YOUR OBJECTIVE
The listing is to be transcribed in full, with its images left out.

SOURCE DATA

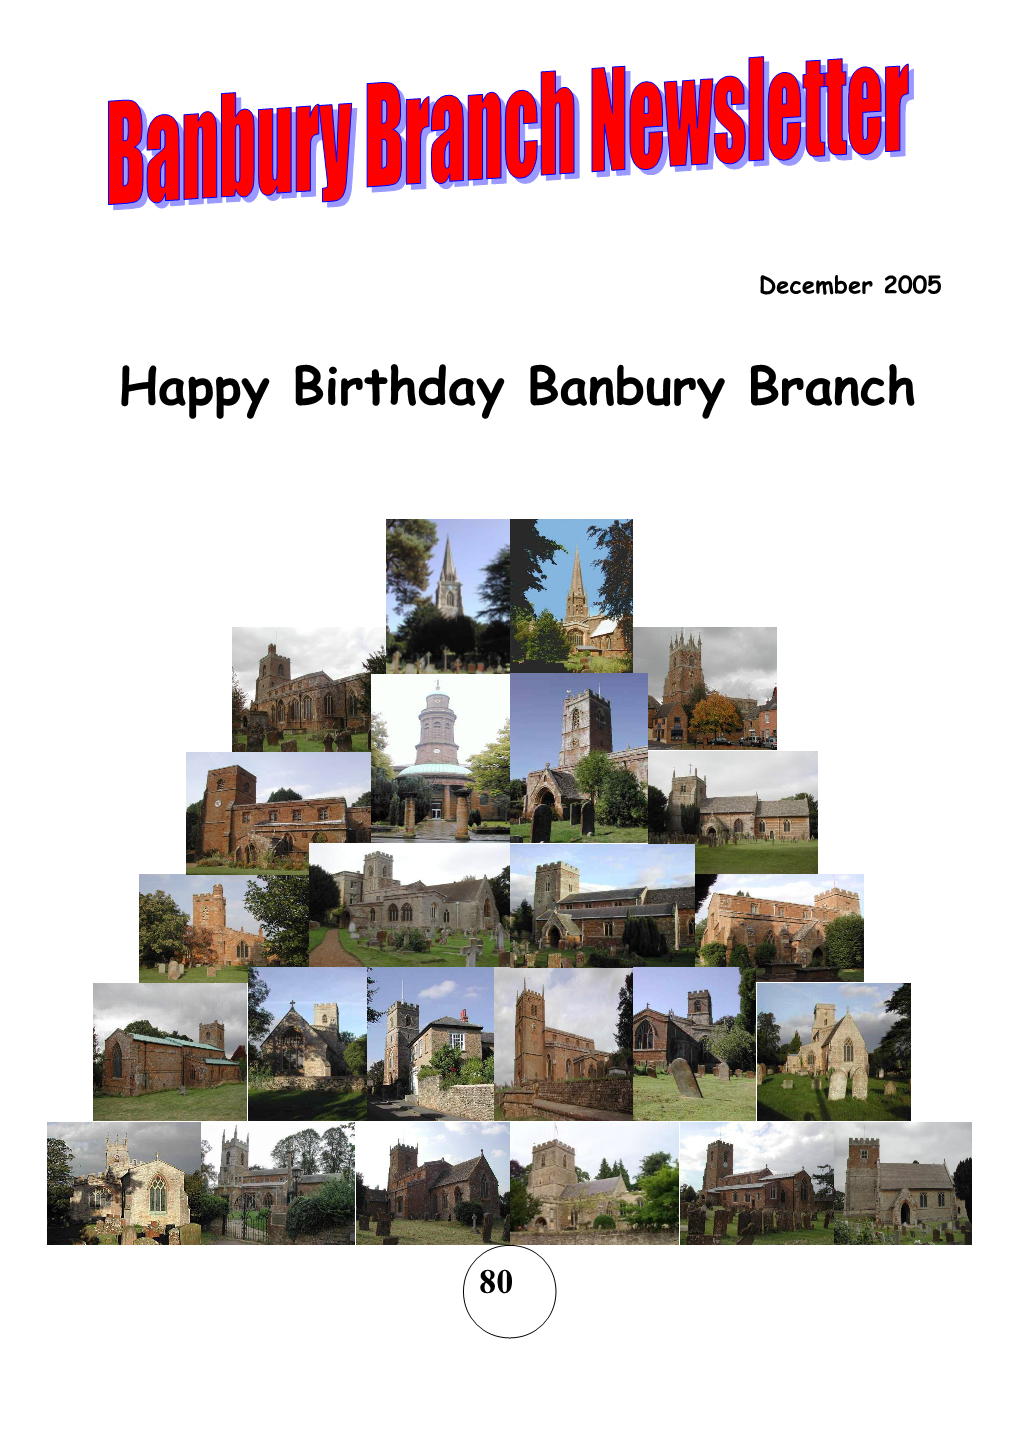 Happy Birthday Banbury Branch
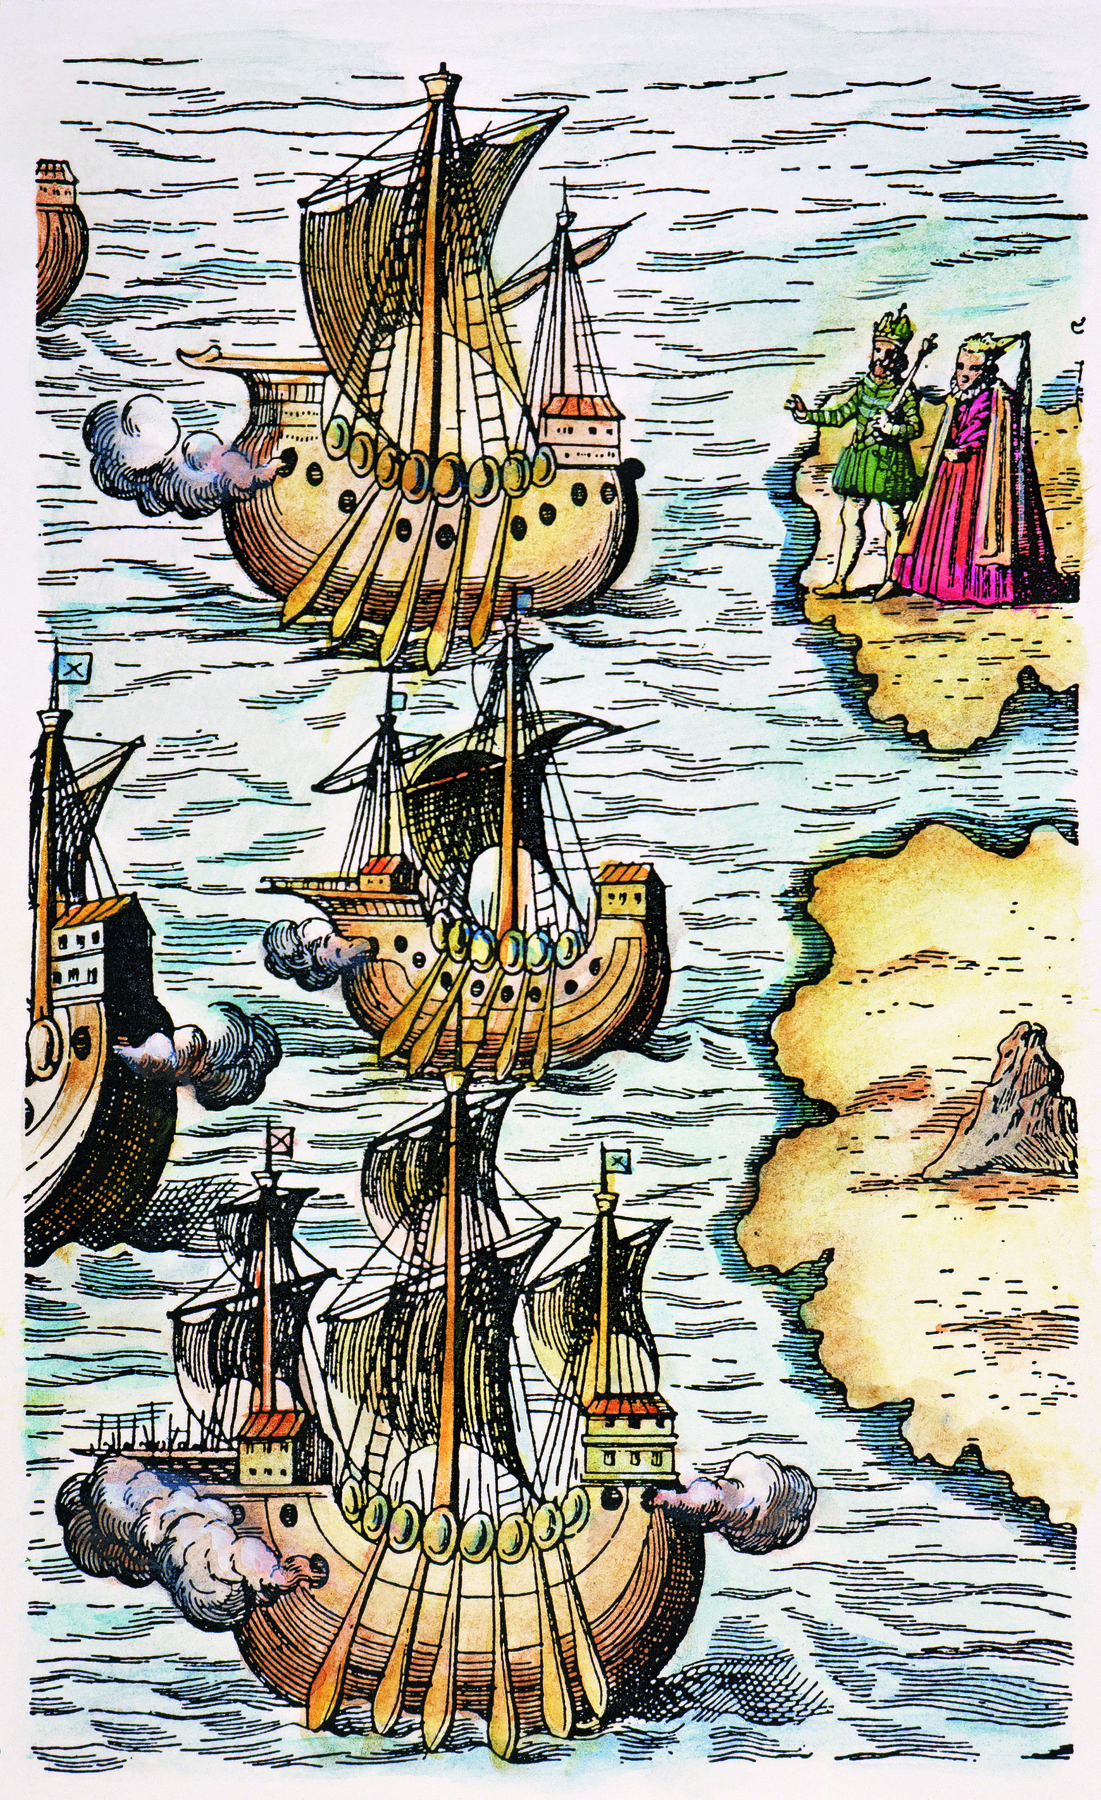 Gravura. À direita, um rei e uma rainha em terra. Eles acenam para embarcações no mar, à esquerda.
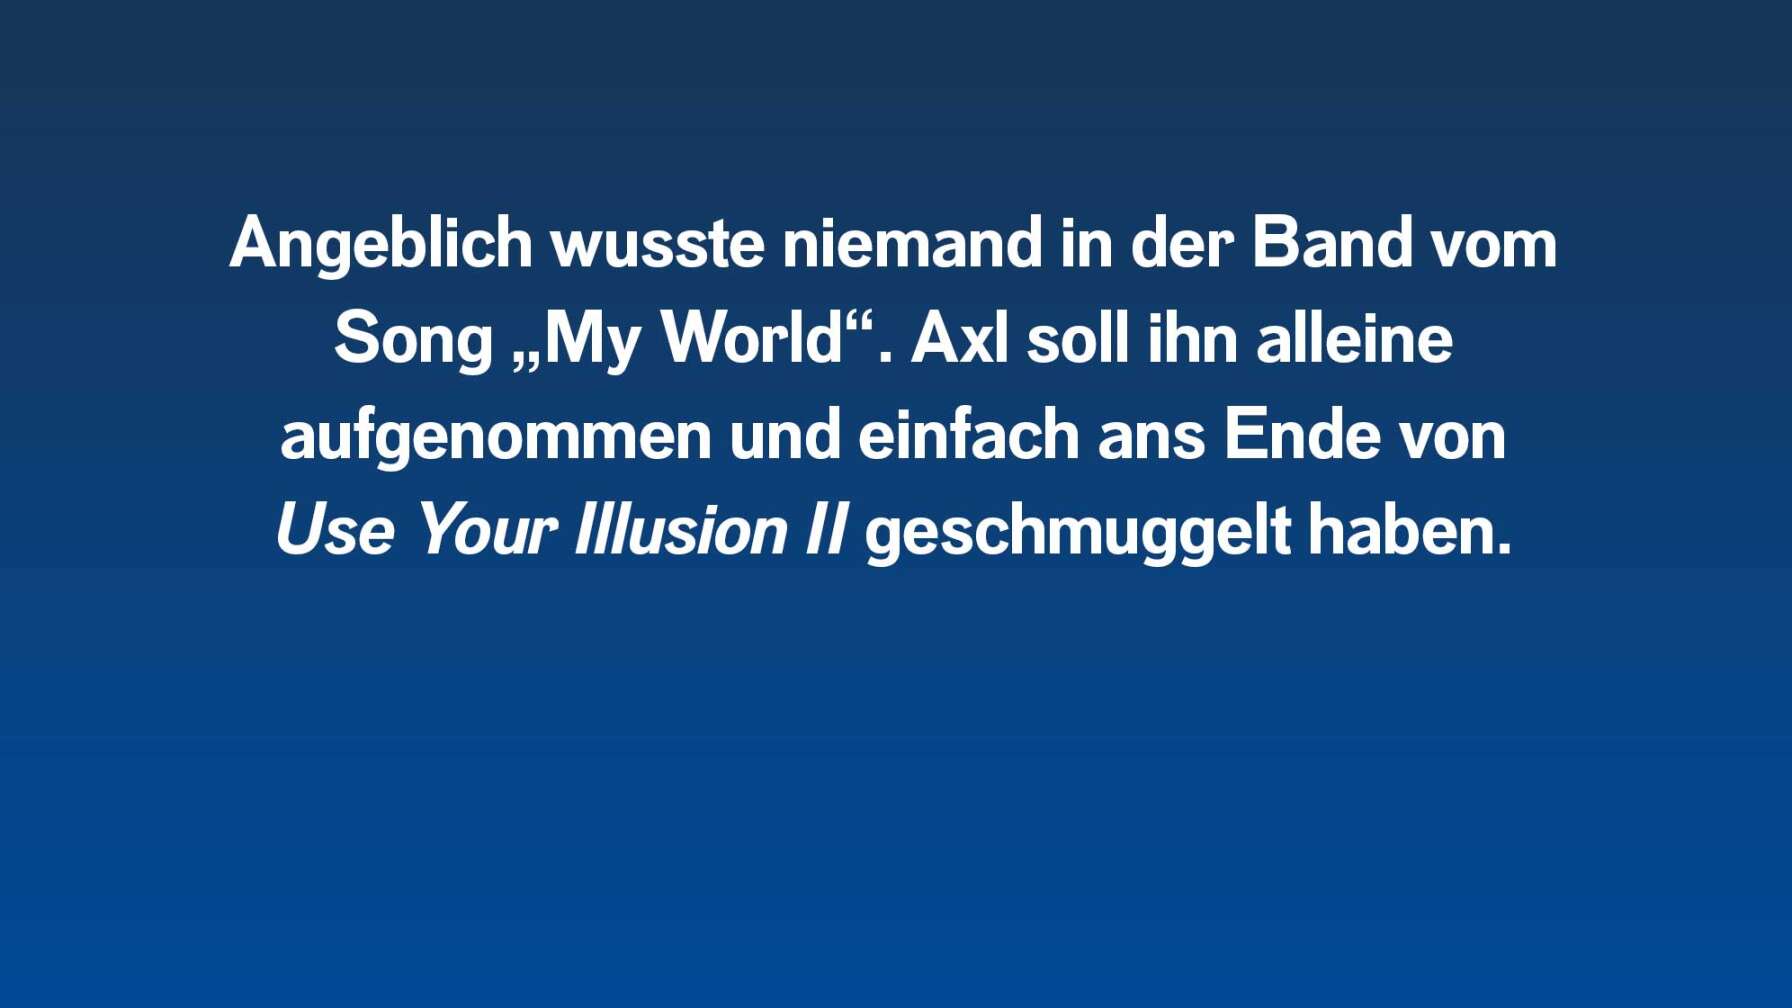 Angeblich wusste niemand in der Band vom Song "My World". Axl Rose soll ihn aufs Album geschmuggelt haben.

RESPONSE TO THE EXERCISE
 Happy Birthday Banbury Branch
 Gravura. À direita, um rei e uma rainha em terra. Eles acenam para embarcações no mar, à esquerda.
 Angeblich wusste niemand in der Band vom Song "My World". Axl Rose soll ihn aufs Album geschmuggelt haben.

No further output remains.